You can purchase off the Shaklee website, or from a member or distributor. Buy a gallon- makes about 7 gallons of fly spray and will cost you about 30$.

*Spray 7*
2 cups light mineral oil
1/2 cup lemon juice
2 tsp. citronella oil
2 tsp. eucalyptus essential oil
2 tsp. lemon dish soap
Mix, add to spray bottle. Attracts dust, don't use before shows.

*Spray 8*
18 oz white vinegar
2 Tbsp dish washing soap.
Mix in a 20 oz spray bottle and shake gently until well blended. You may add water to dilute. Spray liberally.

*Spray 9*
Mix 3 parts water to 1 part Avon's skin-so-soft in a spray bottle.
Spray liberally.

*Spray 10*
2 cups white vinegar
1 cup Avon Skin So Soft (Bath oil)
1 cup water
1 tablespoon eucalyptus oil

*Spray 11*
This spray attracts dust. So don't use it before
a show.
500m. (2 cups) light mineral oil
125ml (1/2 cup) lemon juice
10ml (2 tsp.) citronella oil
10ml eucalyptus oil
10ml lemon dish detergent
optional 125ml glycerin
Mix in a spray bottle and spray away.

*Spray 12*
1 oz. Citronella Oil
2 oz. Skin-So-Soft or Coat-So-Soft
1 Cup Cider Vinegar
1 cup Water
Mix in a 20 oz. spray bottle.

*Spray 13*
You can mix seven parts water with one part citronella as a fly spray. Mix it four parts water to one part citronella during the worst of the fly season.

*Spray 14*
You can take a bottle and fill it with white vinegar and two tablespoons of dish soap. Add water if you wish to dilute it a little.
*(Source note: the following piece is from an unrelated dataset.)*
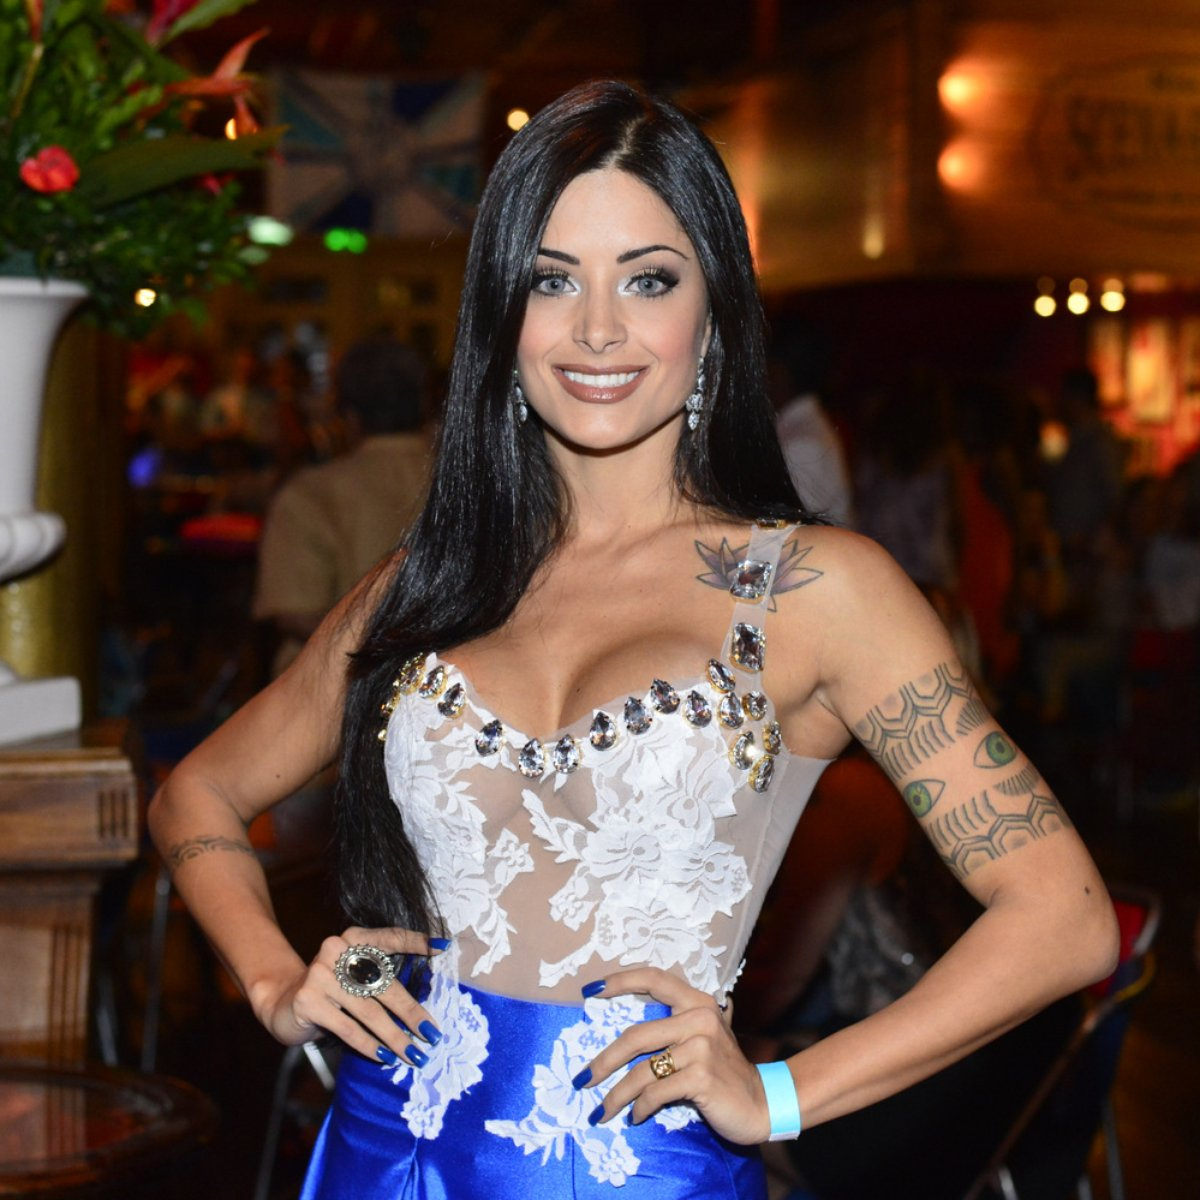 Aline Riscado Playboy com roupa ousada, aline riscado rouba cena em evento do samba

Shake and spray it on for a nice and very cheap fly spray.

*Spray 15*
15 oz water
5 oz commercial fly spray ( any brand)
5 oz vinegar
2 oz vegetable oil
2 oz green Dawn dish soap
Mix and use. All natural and will not harm coat.

*Spray 16*
Pour six caps full of Skin-So-Soft in a 20 ounce spray bottle, and fill the rest with water. Shake and spray.

*Spray 17*
1 gallon apple cider vinegar
1-4 teaspoons citronella essential oil (depending on how bad the flies are, and it has to be the essential oils!)

*Spray 18*
1 pint water
1 pint citronella lamp oil (or plain lamp oil, or vegetable oil)
1 tsp citronella essential oil (or 2 tsp if using plain oil as a base)
1 tsp pennyroyal essential oil
½ tsp cassia (cinnamon) essential oil
½ tsp lavender essential oil
1/2 tsp eucalyptus essential oil
A squirt (probably ¼ tsp) Dawn dishwashing detergent.

Mix it up in a plastic bottle, and use in a 
hand sprayer as needed. Shake occasionally during use to
emulsify.

*Fly relief*
If anyone has problems with flies in the barn, try filling a quart jar with this mixture.
3 cups of water
¼ (one quarter) cup sugar
¼ (one quarter) cup white vinegar
Mix, punch holes in the lid, and set it where needed.

Or tack Bounce dryer sheets here and there and keep some in your back pocket.


----------



## Ashlynn (Oct 1, 2017)

Is one of these recipes the best?


----------



## ksalvagno (Oct 6, 2009)

This is an old thread from 2014. You'll probably just have to start trying them.


----------